Le vice-président de l’entreprise, Carl Gauthier, se réjouit d’avoir des revenus aussi importants assurés pour cinq ans.

Un important contrat avec Saguenay pour les Entreprises René Gauthier

Les Entreprises René Gauthier ont décroché le plus gros contrat de leur histoire. Le commerce de Canton-Tremblay sera responsable des espaces verts de Saguenay pour les cinq prochaines années, un contrat de 1,5 million $ par année.

Le vice-président de l’entreprise, Carl Gauthier, se réjouit d’avoir des revenus aussi importants assurés pour cinq ans.

« Nous avons déjà de gros contrats, mais pas autant que ça. C’est bon pour l’entreprise. Je peux investir, acheter de la machinerie, de nouveaux camions », explique-t-il, tout en précisant qu’il devra agrandir le garage, notamment, des travaux qu’il estime à près de 200 000 $.

L’entreprise devra toutefois embaucher entre 30 et 40 personnes, un réel défi en cette période de rareté de main-d’œuvre. M. Gauthier avait pensé se tourner vers des travailleurs de l’Amérique du Sud, mais ce ne sera finalement pas la solution.

« Il y a de bons frais reliés à ça. J’avais droit à 10 pour cent de mon personnel en main-d’œuvre étrangère. Là, j’ai environ 60 employés, donc j’aurais eu droit à six personnes. Ce n’est pas assez. Ça prend sept à huit mois avant qu’ils arrivent et ça coûte de 7000 $ à 8000 $ pour les faire venir. C’est assez élevé », souligne M. Gauthier, assurant toutefois ne pas avoir peur du défi. Il a publié une annonce et reçoit déjà des candidatures.

L’entreprise se spécialise notamment dans l’aménagement paysager, l’excavation et le déneigement. Elle est également en processus de transfert, Carl Gauthier se préparant à prendre la relève de son père.

Des économies de 100 000 $ par an pour la Ville

Le président de la Commission des travaux publics de Saguenay, le conseiller Michel Tremblay, confirme que le contrat accordé aux Entreprises René Gauthier permettra à la Ville d’économiser 100 000 $ par année, notamment avec le salaire des employés et l’achat d’essence et de machinerie.
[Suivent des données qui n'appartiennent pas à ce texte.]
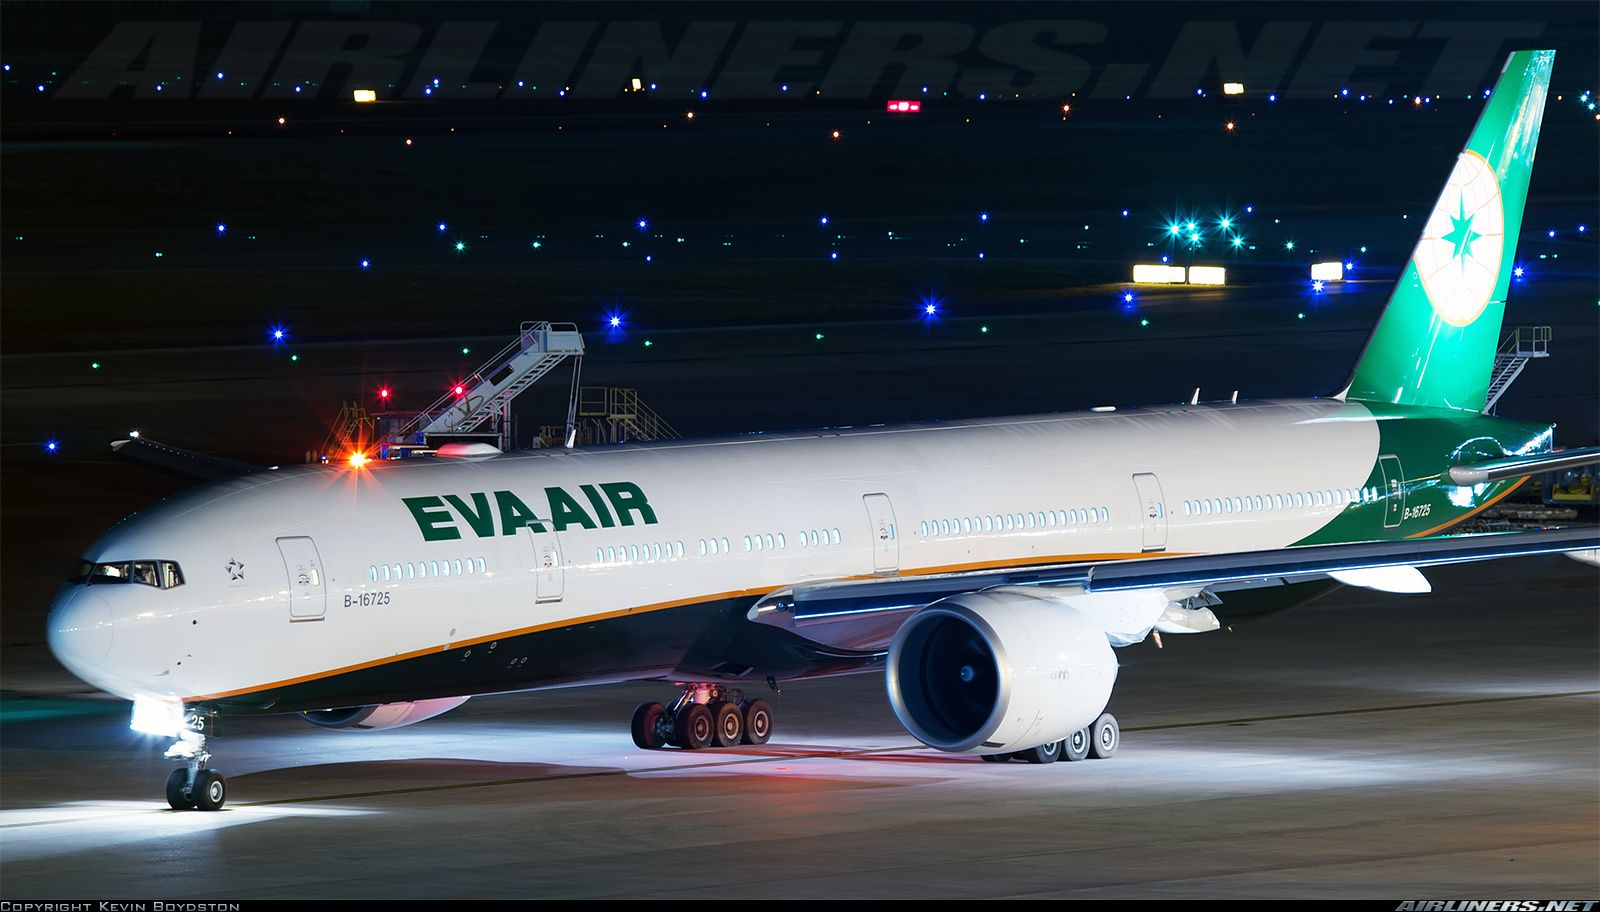 EVA Air B16725 Boeing 77735E/ER aircraft picture

Une partie du casse-tête de la main-d’œuvre sera également réglé. Les étudiants embauchés par la Ville devaient quitter en août, alors que l’entretien des espaces verts se poursuit habituellement jusqu’à la fin septembre. Les cols bleus devaient prendre la relève, « mais ils ont autre chose à faire », assure Michel Tremblay.
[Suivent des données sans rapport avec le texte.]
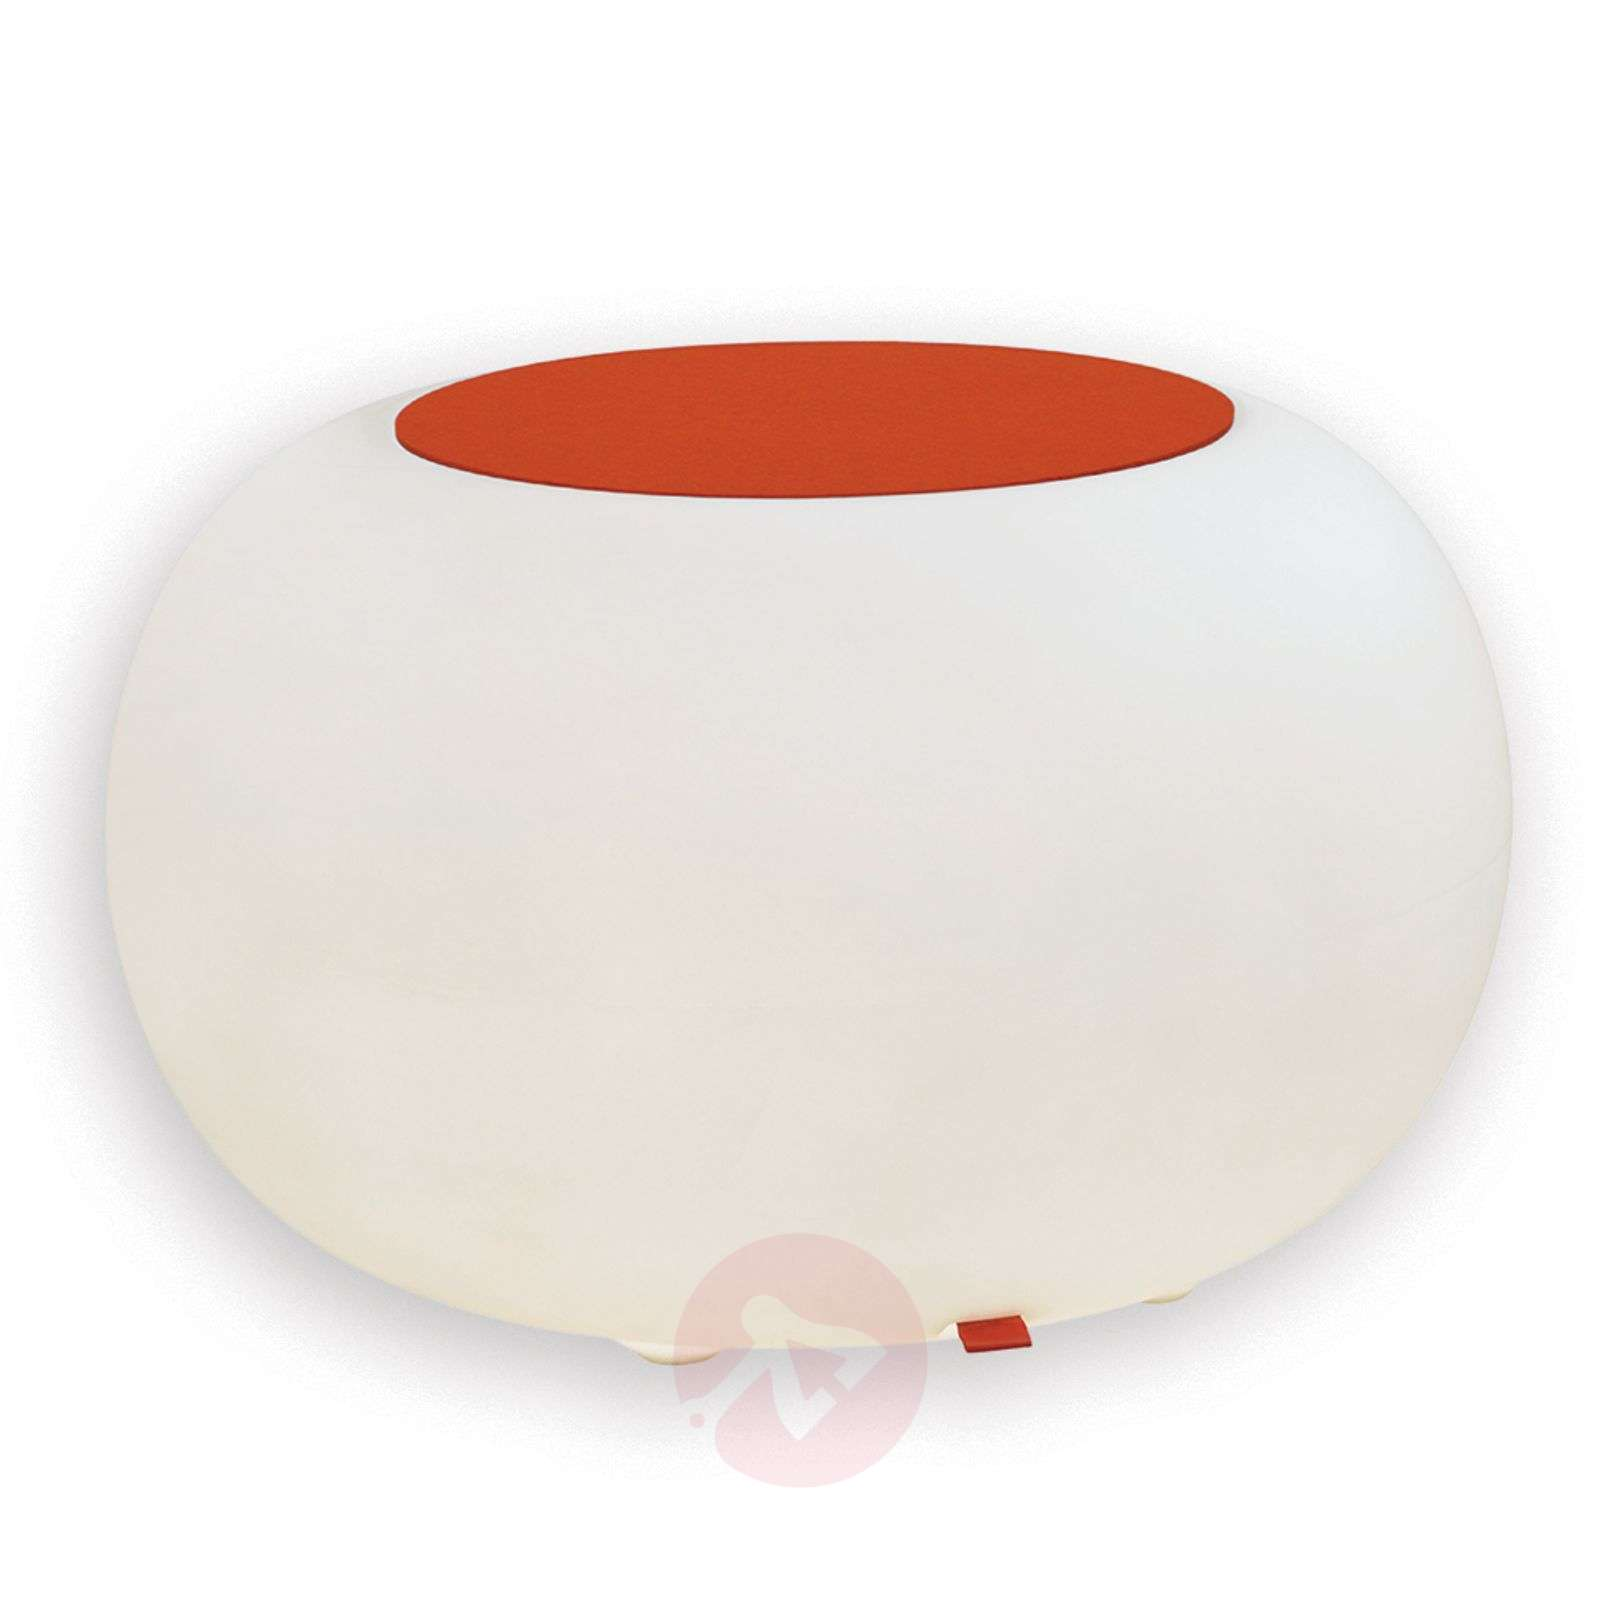 Table BUBBLE Indoor LED white light + orange felt-6537053-01

La Ville de Saguenay embauchera donc environ 30 étudiants de moins, mais personne ne devrait être pénalisé, car par les années passées, il a été difficile de trouver tous les jeunes nécessaires.

« Nous avions dû changer nos critères pour trouver tout notre monde », rappelle M. Tremblay.

Pour octroyer le contrat, Saguenay est allée en appel d’offres et trois soumissionnaires se sont manifestés.

Le conseiller précise toutefois que l’octroi de ce contrat n’a rien à voir avec l’état des parcs à Saguenay. L’an dernier, Le Quotidien rapportait que plusieurs espaces verts étaient laissés à l’abandon.